The rule operands, again, are based on the schema; OrdersList is a defaulted name, derived from to a foreign key relationship. Again, these rules are fully executable. After you have entered them, you do not need to worry with the details of calling them, ordering them, reading/writing data - that is all addressed with system RESTful Update Processing.

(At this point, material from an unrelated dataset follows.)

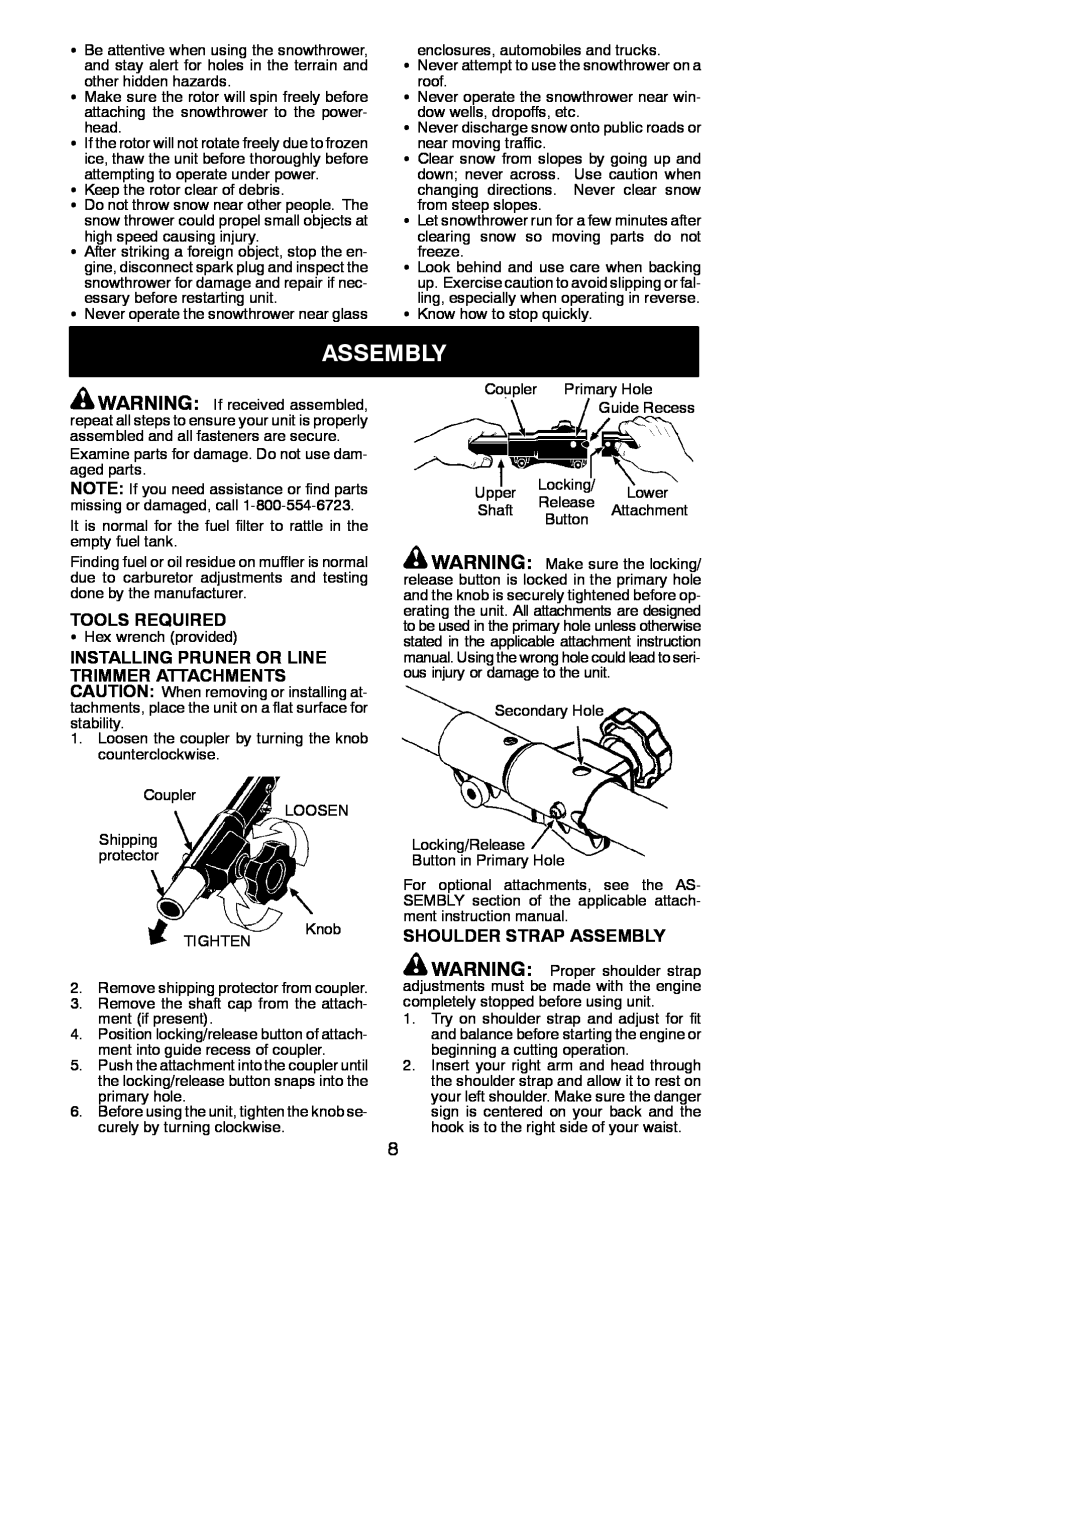 Poulan 952711882, PP46ET instruction manual Tools Required, Shoulder Strap Assembly 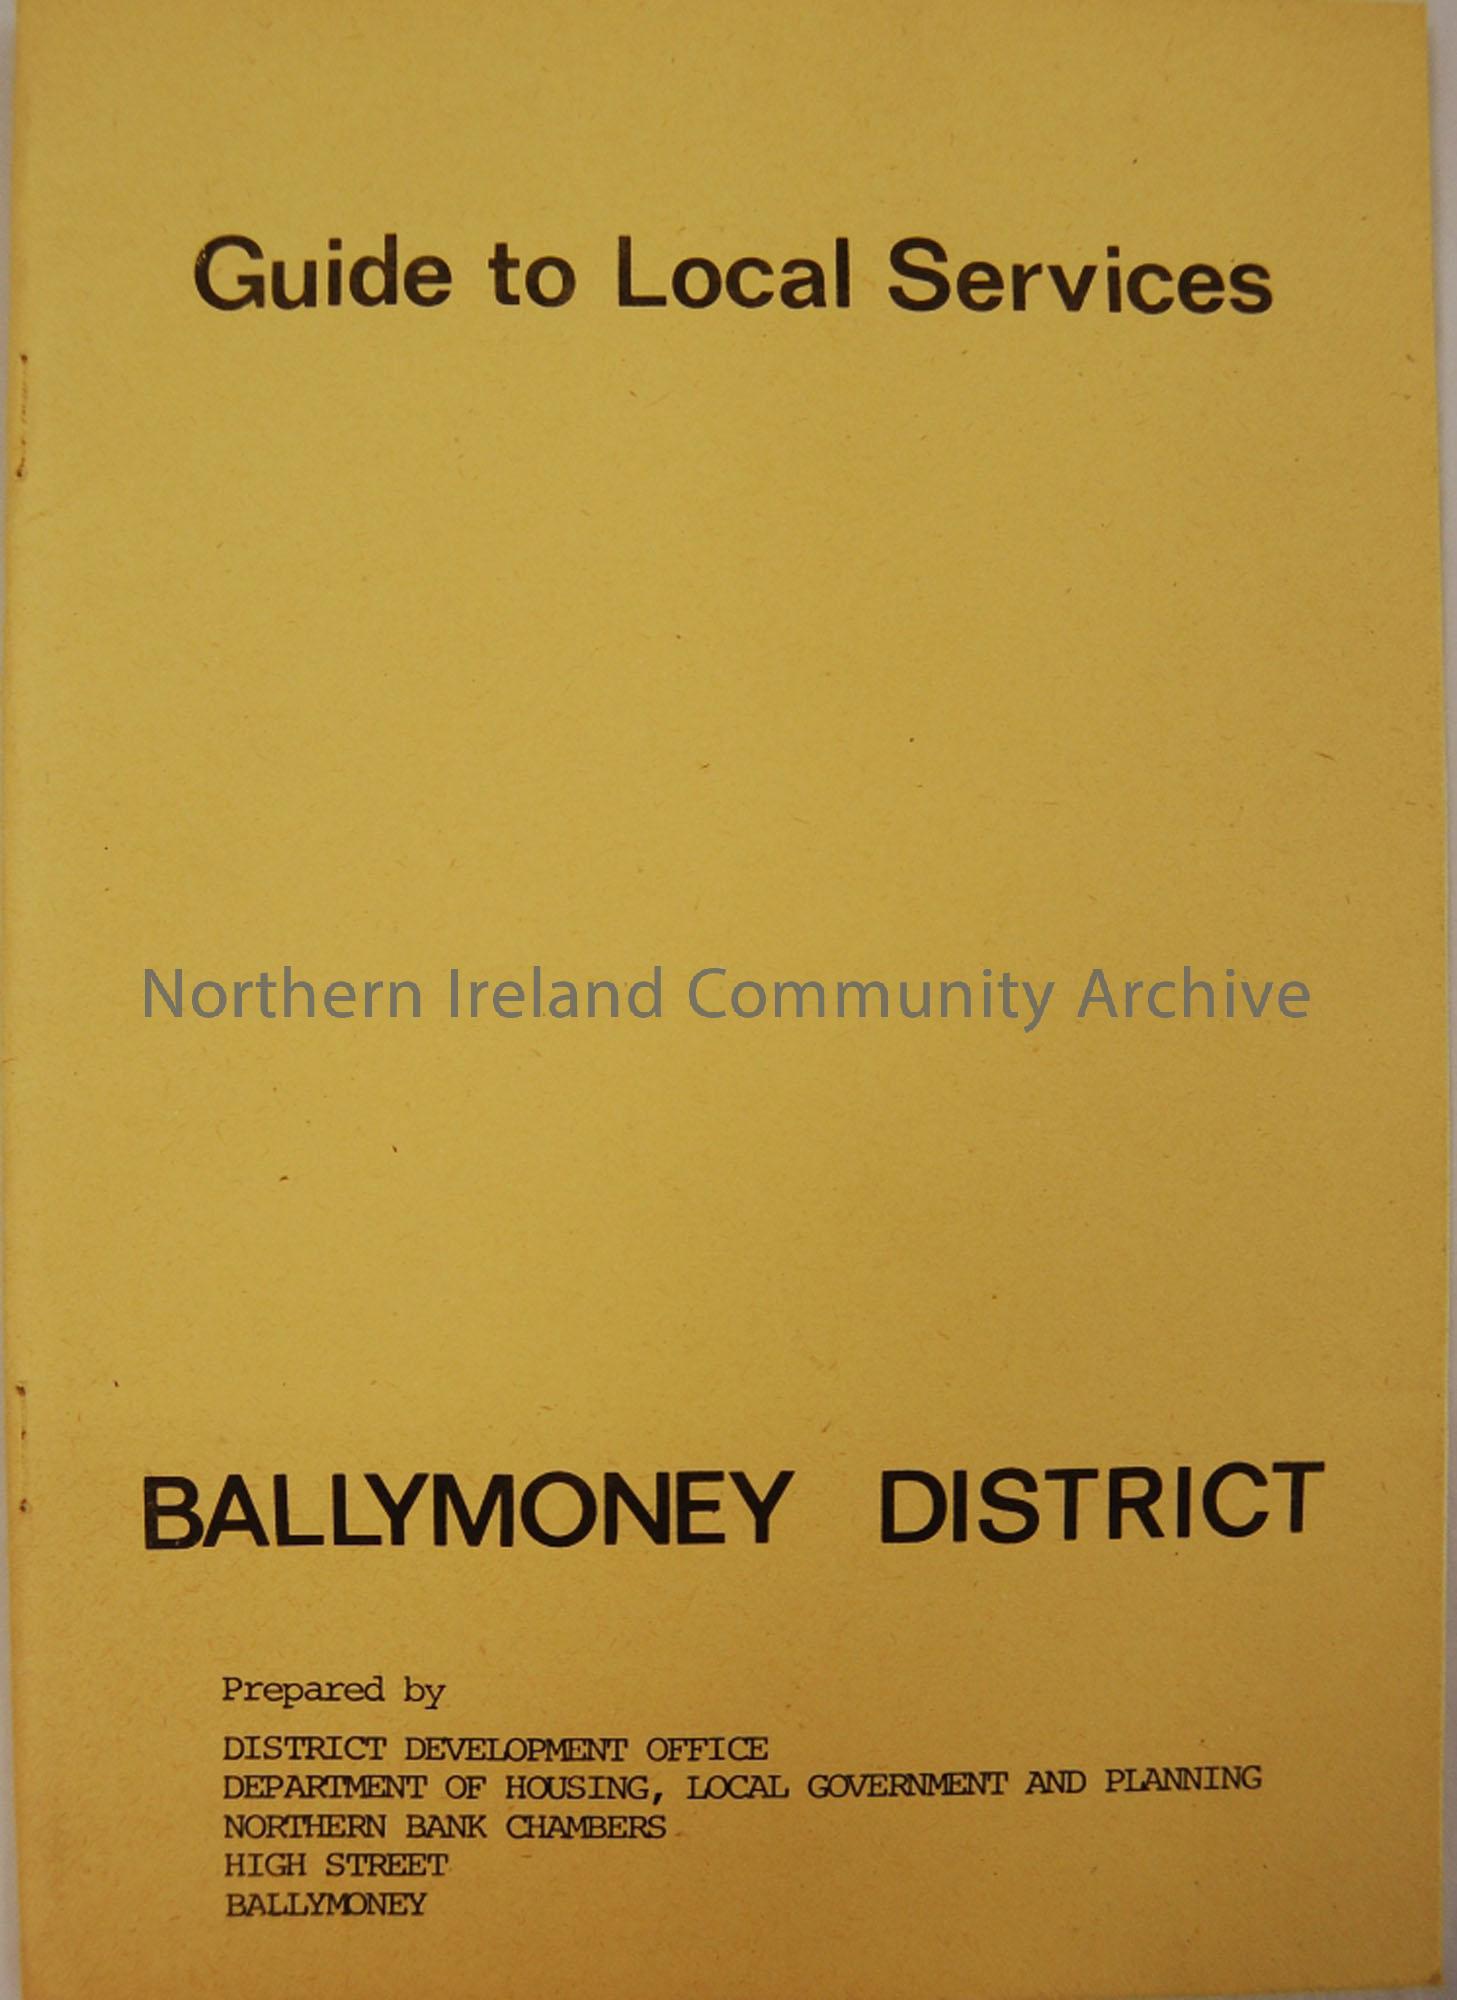 Guide to Local Services, Ballymoney District. March 1975

Rules automate Logic Patterns

This simple example illustrates one of the keys to using rules: they work in combination to achieve a desired behavior.


Validate a Sum

This simple "Balance < CreditLimit" example illustrates one of the most common Logic Patterns: validating a rollup. Other examples of the pattern:

      • Rollup employee salaries to department, constrain to budget
      • Rollup departments, constrain to budget
      • Rollup Student Course Credit, constrain to max for student, max for course
      • Compute Product Price from the sum of the Component Parts (nested)
      • Compute Event GiftsAmount from sum of EventGifts

A similar pattern is described in the following section.

Existence Checks: validations on [qualified] counts

Such as

      • Order must have items.
      • Department must have employees.

Scaling to Complexity

Basing rule definition on JavaScript enables you to identify and automate your own patterns. API Creator includes several, useful both directly and extensibility examples:

  • Copy - invoke copy, including deep copy, for patterns like auditing, or cloning. It even automates a Bill of Materials explosion.
  • Allocation - allocate an amount to a set of recipient - a bonus to department employees, a payment to outstanding orders, etc.

Explore these examples, which range for simple to quite complex - all handled with a few rules.